One of the most peculiar books I have ever read. And one which, despite its length, I couldn't put down. Each chapter pulled me further and further into this bizarre world and its abnormal characters.

There is a man named Peter Kien, a great academic, a sinologist, a man utterly obsessed with books. Never have you encountered a man more devoted to his books, never in literature have you met someone more fixated, to the point of lunacy, on his private library. They are more important than people, more important than life.

Peter is anti-social, perhaps autistic, to the extent that he isn't always fully present or cognizant of his surroundings; he is eternally living in his mind and cannot always grasp the nuance of life or those around him -- the real world is beyond him. He has a housemaid who has, unnoticed, served him for eight years but who, one day, ushers away a child that Peter had promised could see the library; this leads him to view her somewhat differently, perhaps as a kindred spirit. She is someone serious, someone who will look after his books and protect them as much as he does. What follows is a rash marriage and a spiral of events which lead to mental decline and uncertainty. She is a witch! She takes over his house, his books, she kicks him out! He is left to roam the streets, living in a hotel, manipulated and taken advantage of by almost everyone he meets. None more so than a dwarf named Fischerle who has ambitions of being a chess champion. Deeper and deeper goes Peter Kien, his mind collapsing about him, his capacity for control and sanity out of reach. His precious books escaping him.
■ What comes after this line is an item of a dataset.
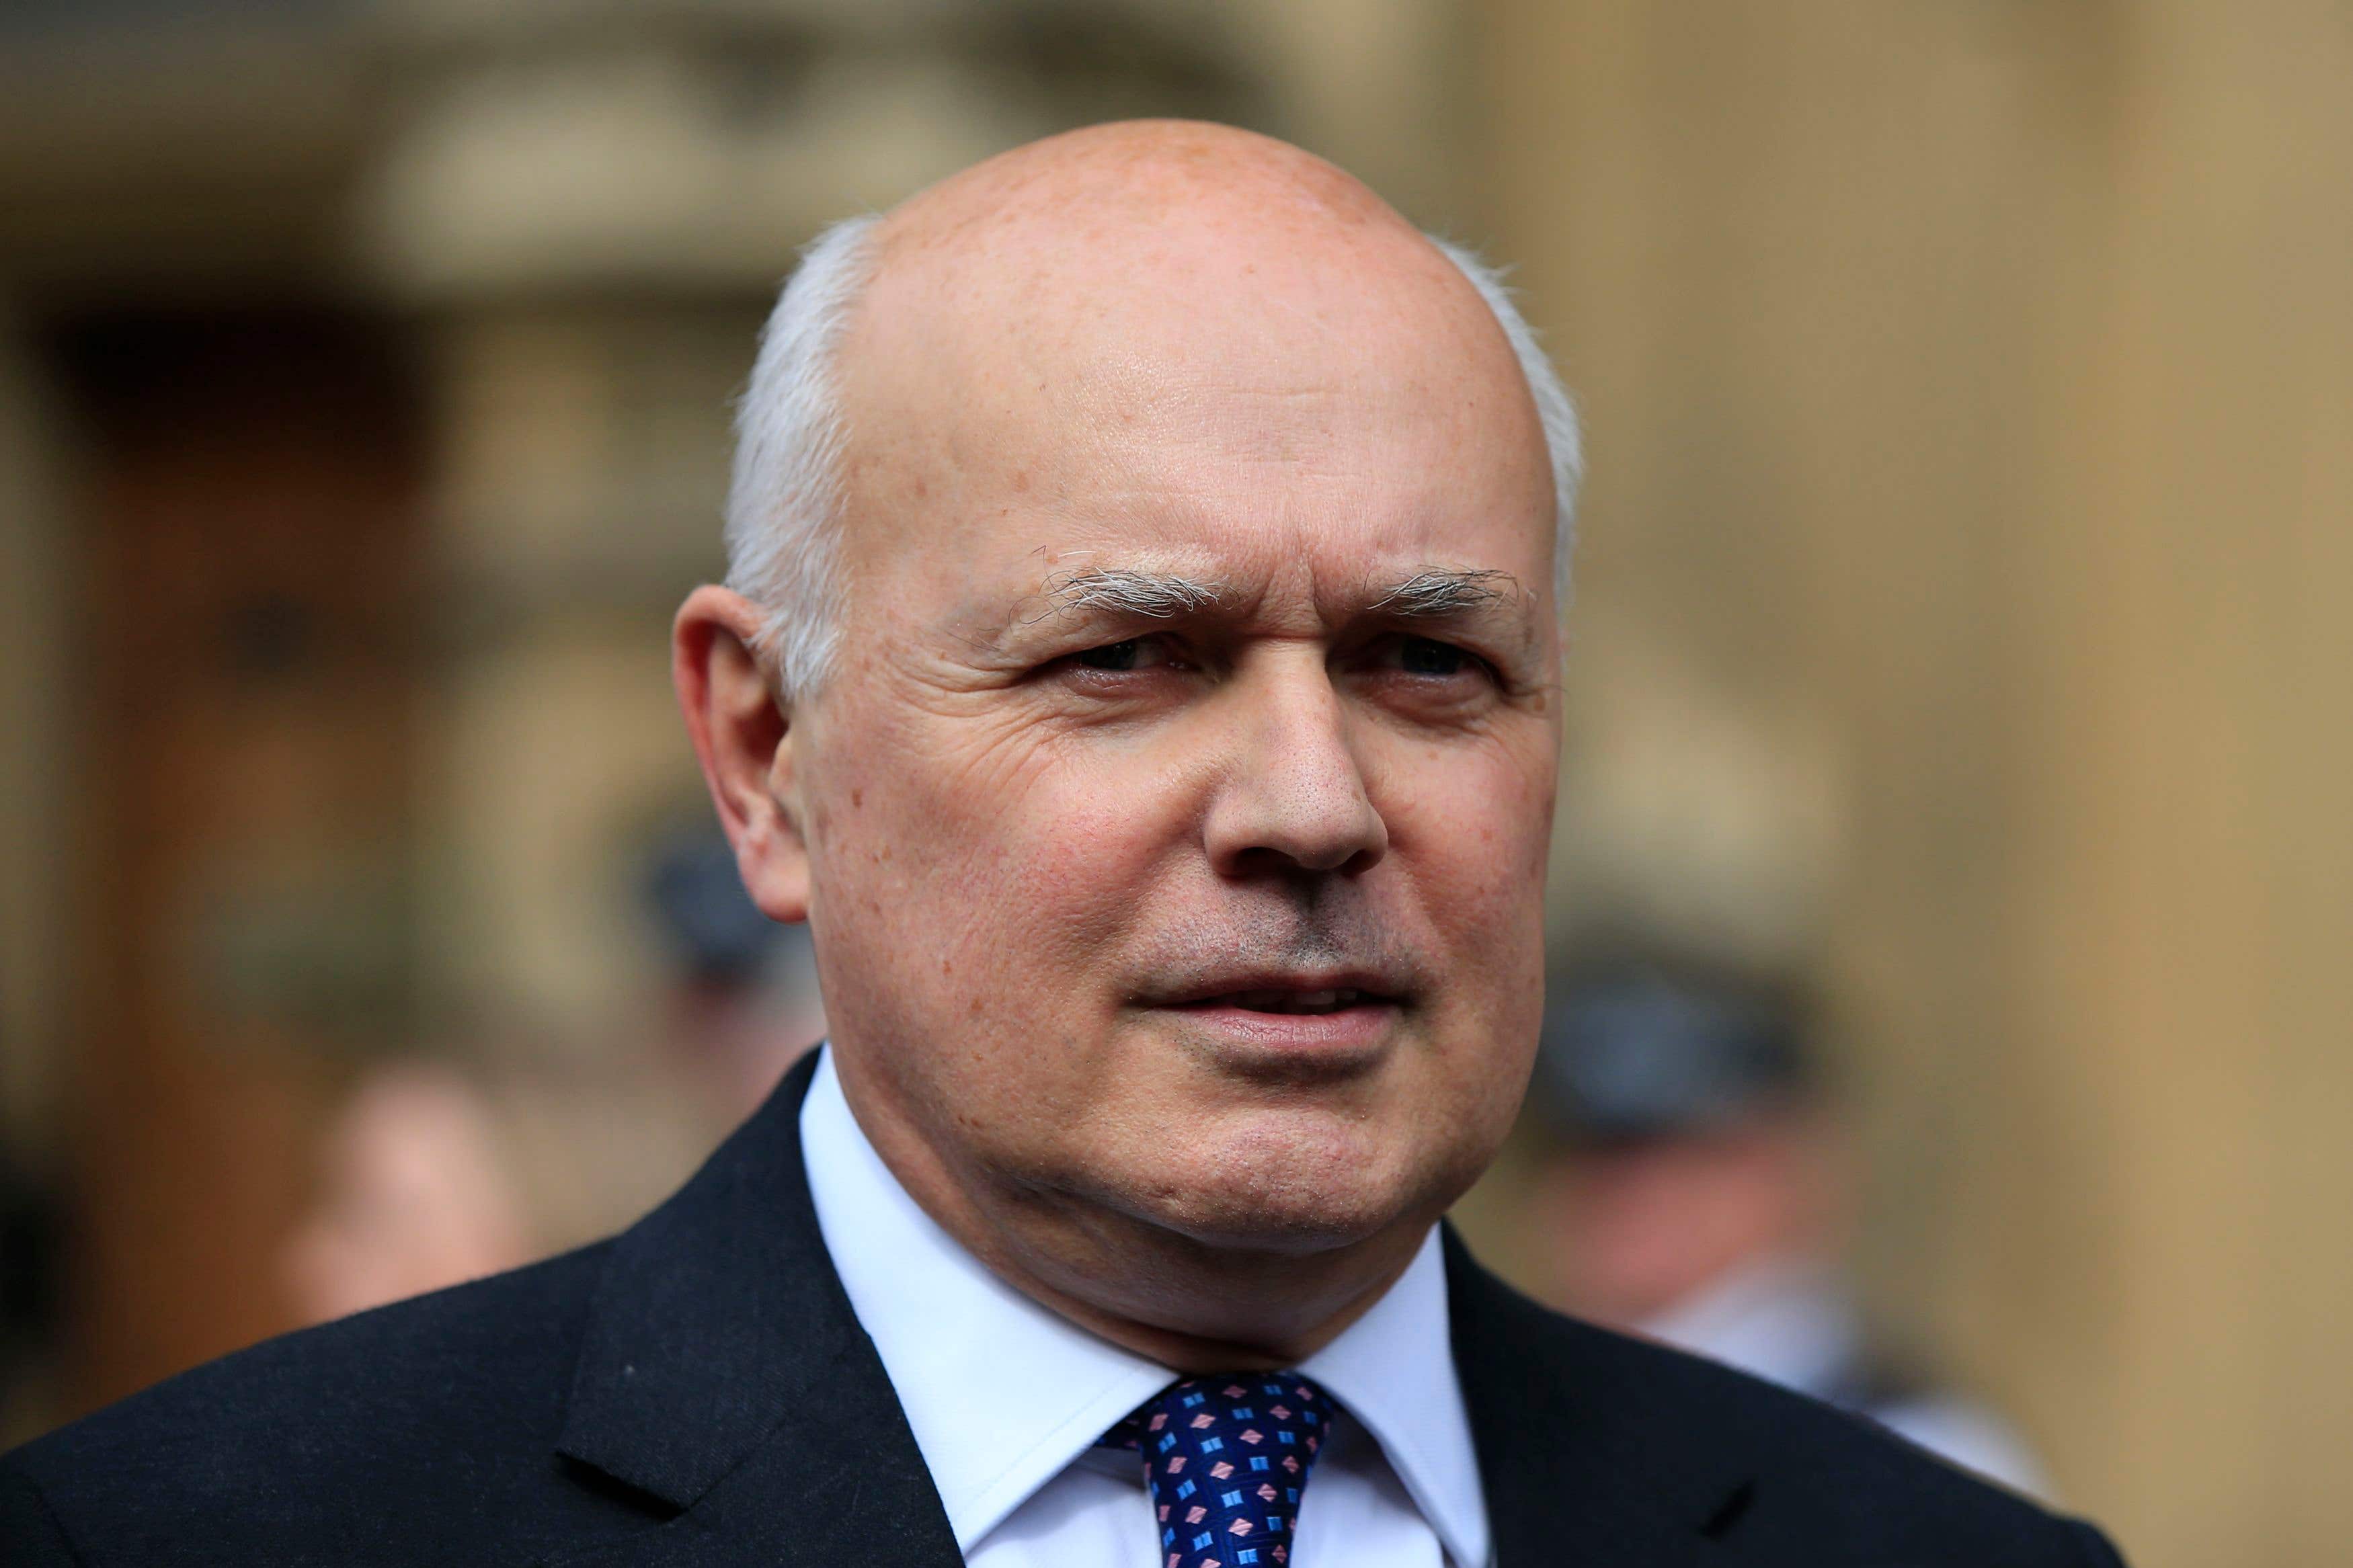 Sir Iain Duncan Smith says government policy is a ‘shambolic mess’

The world is a cold, nasty place occupied by vile, greedy insects!

I honestly can't remember reading anything quit like this; on the one hand, dark and depraved, a world of deformed characters and ignoble motivations, but on the other, comical and ludicrous, almost perverse in its unnatural behaviours and cynicism. The book was like a combination of 'The Man Without Qualities,' 'A Confederacy of Dunces,' and 'Don Quixote' all at once. Maybe even an element of the ghoulish yet heartwarming 'Geek Love' can be thrown in too. How a man under 30 could write this in 1935 is beyond me. It is a masterpiece of the human condition, and yet it is also a small story concerning trivial human frailties. I will lovingly place the book on my shelf and occasionally contemplate the life of Peter Kien; as well as the cost of loving books a little too much.

Give the man a Nobel prize. Oh wait, he already has one.